Centralizing modules & renv lock file #29

anthonysena · 2023-01-18T15:10:18Z

From discussion with @schuemie, we'd like to update Strategus to have it be the central location for individual analytic modules while also allowing for the flexibility of using external modules as is currently supported. The goal here is to align Strategus's modules & renv.lock file with the planned regular release(s) of HADES. To do this, we discussed some ideas which I'll put forward in this issue.

Strategus would maintain a central lock file that is used by all of the modules. When a study is executed via Strategus, the renv.lock file would be included with the analysis specification and execution settings JSON to provide a complete record of the study. Specifically, the renv.lock file would detail all of the R dependencies (including Strategus), the analysis specification would detail the design choices for the study and the execution settings would detail the specific environment settings for executing the study.
Modules would reside inside of the Strategus package, in the R code folder. We could standardize the names of the module .R files to "Module.R". Additionally, it may be useful to use R6 classes for the modules to provide an interface for the modules and an inheritance structure we can use to centralize specific utility functions that modules may need (i.e. how to get the cohort definitions from the analysis specification).

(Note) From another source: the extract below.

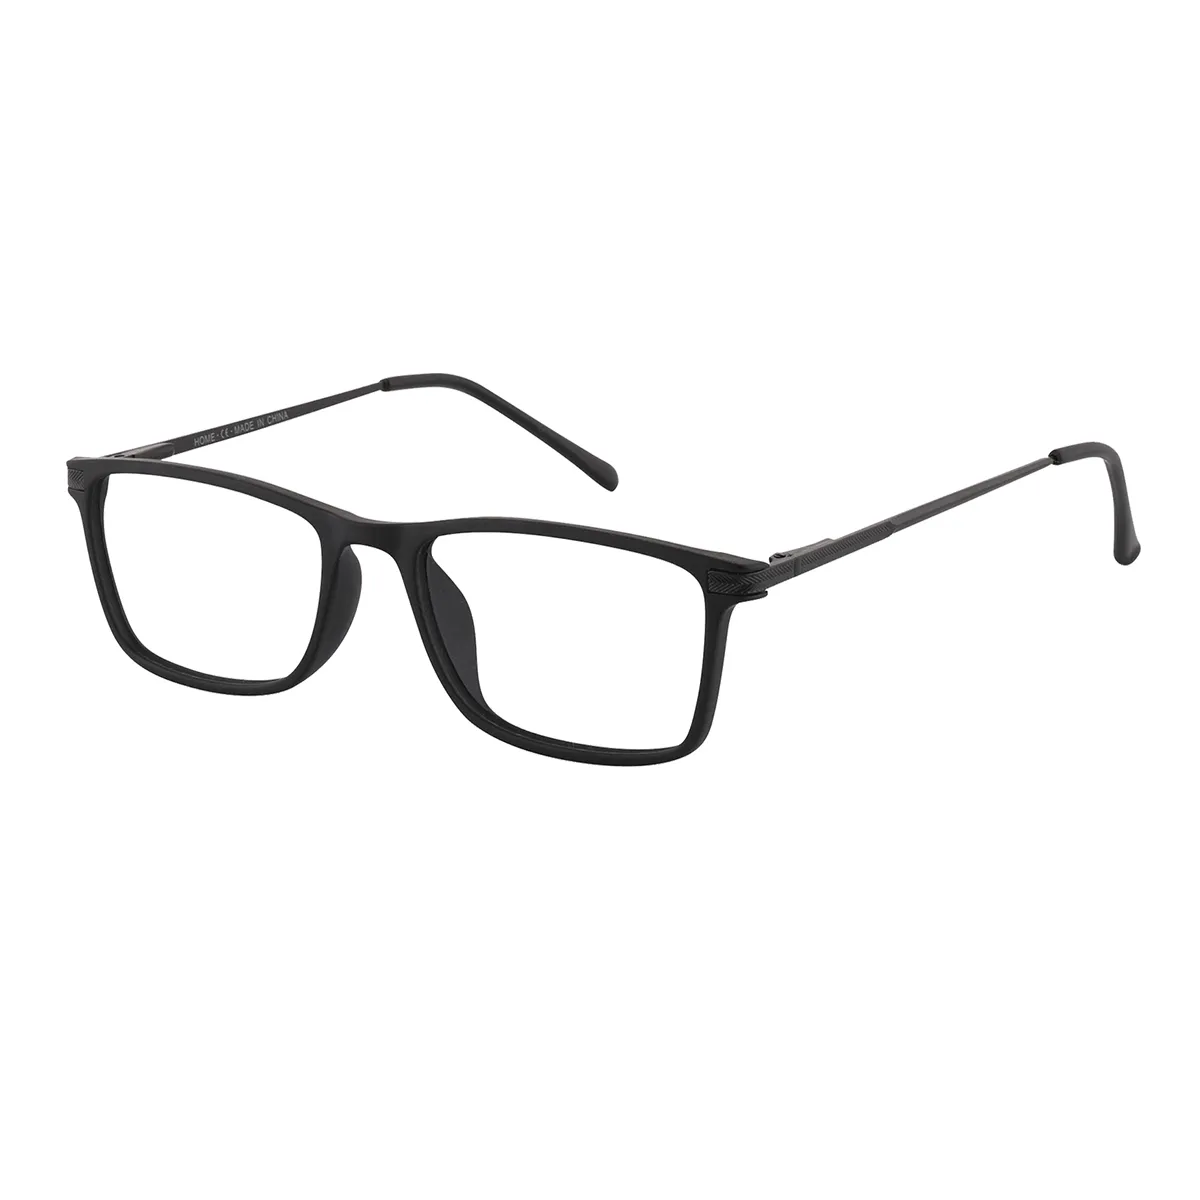 Alicia - Rectangle Black Glasses for Men & Women

The analysis specification itself would need an update, presumably we'd remove the version, remoteRepo and remoteUsername attributes in the module specification (shown below). In the case when these attributes are missing, Strategus would source the module from its local set of modules otherwise it would instantiate the module as is done today.

Strategus/inst/testdata/analysisSpecification.json

Lines 226 to 228 in c701540

    
           "version": "0.0.14", 
        
           "remoteRepo": "github.com", 
        
           "remoteUsername": "ohdsi",

Tagging @ablack3 for awareness.

The text was updated successfully, but these errors were encountered:

ablack3 · 2023-01-24T09:39:01Z

Thanks for sharing this plan @anthonysena.
Overall it makes sense.

while also allowing for the flexibility of using external modules

The one requirement I’d like to add (or highlight if it already exists) is that Strategus can be extended with new modules without ever requiring a new OHDSI repo or pull request on an existing OHDSI repo. This would give me and others the ability to experiment with extensions without needing permission/access rights. I think this is the idea behind the open-closed principle.

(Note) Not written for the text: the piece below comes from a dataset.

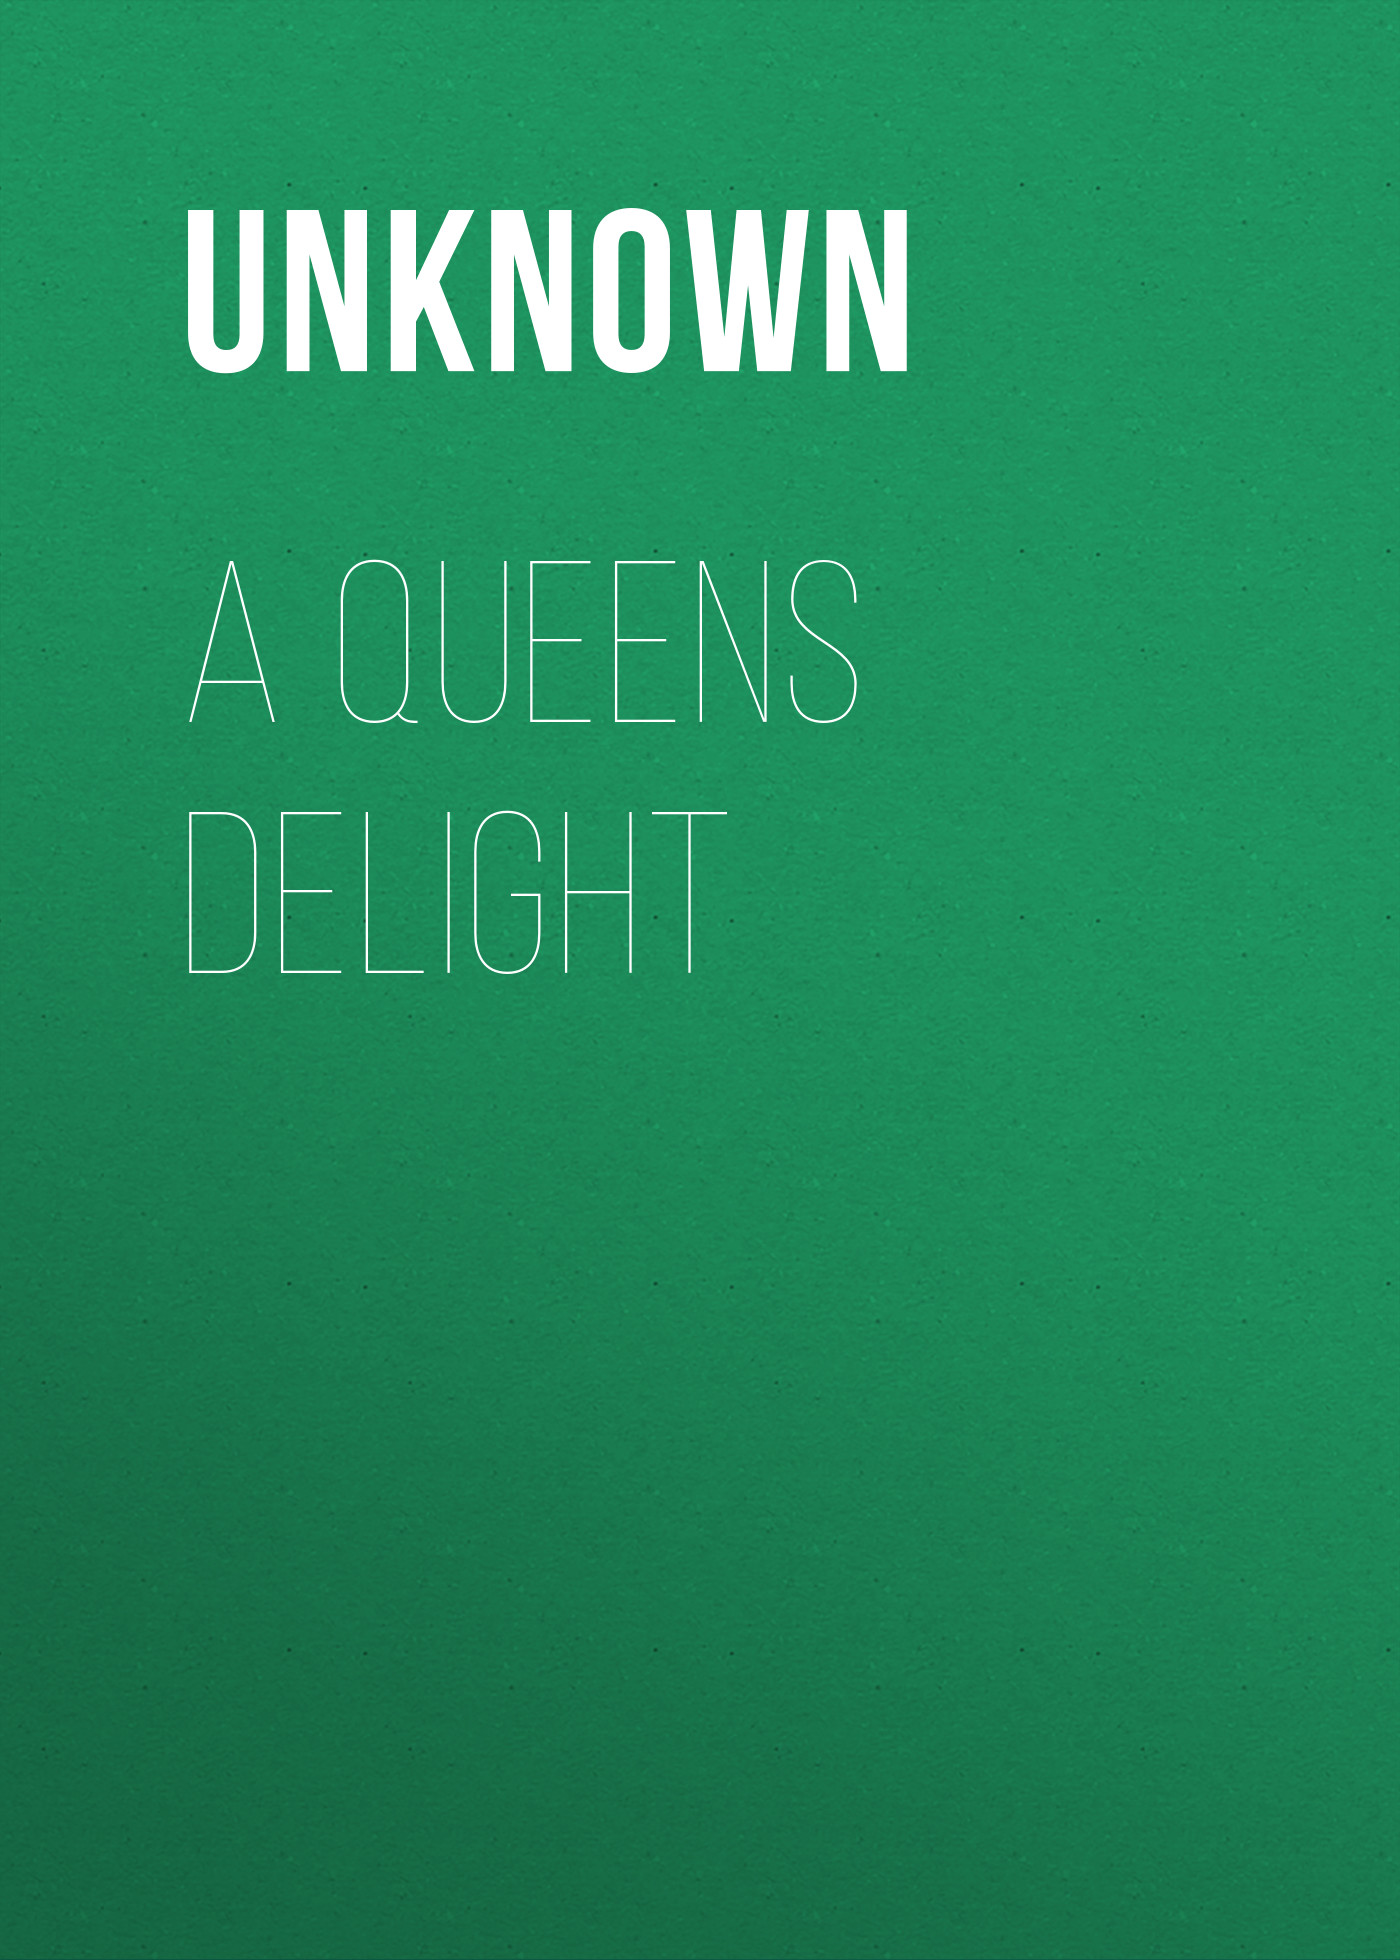 Книга A Queens Delight из серии , созданная Unknown Unknown, может относится к жанру Кулинария, Зарубежная прикладная и научно-популярная литература. Стоимость электронной книги A Queens Delight с идентификатором 35495671 составляет 0 руб.

My other comment is that I might steer away from using R6 for modules and instead suggest defining generic functions that modules must implement (essentially the module interface). These generic functions could be defined in the Strategus package using S3 or S4 (or even the new R7) and then implemented in other packages that extend Strategus functionality. I have not used R6 much but what I think R6 is good for is maintaining and mutating state in an application as well as providing an alternative to R’s normal “copy on modify” behavior. I think the functional OOP approach implemented in S3, S4, and R7 would work well in this case and put the focus on the generic functions a module (which is likely to be somewhat synonymous with an analytic R package) needs to implement to work with Strategus. That’s my two cents though and you should go with what makes the most sense to you and the other developers working on Strategus.

anthonysena · 2023-01-24T15:23:33Z

The one requirement I’d like to add (or highlight if it already exists) is that Strategus can be extended with new modules without ever requiring a new OHDSI repo or pull request on an existing OHDSI repo. This would give me and others the ability to experiment with extensions without needing permission/access rights. I think this is the idea behind the open-closed principle.

Thanks @ablack3 for noting this. I'd like to point out this is currently possible given the design of Strategus. To illustrate this point a bit more, I'll use an example. In Strategus, I'm putting together a sample analysisSpecification.json document that we can use to test Strategus and run various modules. Here is an excerpt from that document:

Strategus/inst/testdata/analysisSpecification.json

Lines 225 to 228 in 01e63f7

    
           "module": "CohortGeneratorModule", 
        
           "version": "0.0.14", 
        
           "remoteRepo": "github.com", 
        
           "remoteUsername": "ohdsi",

As shown above, each module currently has a reference to the location of the module itself. So, if I wanted to use a module outside of OHDSI, I could reference it and make use of it in the same specification. To showcase how that is currently done, here is an excerpt from the vignette:

Strategus/vignettes/CreatingAnalysisSpecification.Rmd

Lines 76 to 97 in 01e63f7

    
           ## CohortGenerator Module Settings 
        
           The following code downloads the settings functions from the `CohortGeneratorModule` which then activates some additional functions we can use for creating the analysis specification. In the analysis specification, we will add the cohort definitions and negative control outcomes to the `sharedResources` section since these elements may be used by any of the HADES modules. To do this, we will use the `createCohortSharedResourceSpecifications` and `createNegativeControlOutcomeCohortSharedResourceSpecifications` functions respectively. In addition, we will use the  `cohortGeneratorModuleSpecifications` function to specify the cohort generation settings.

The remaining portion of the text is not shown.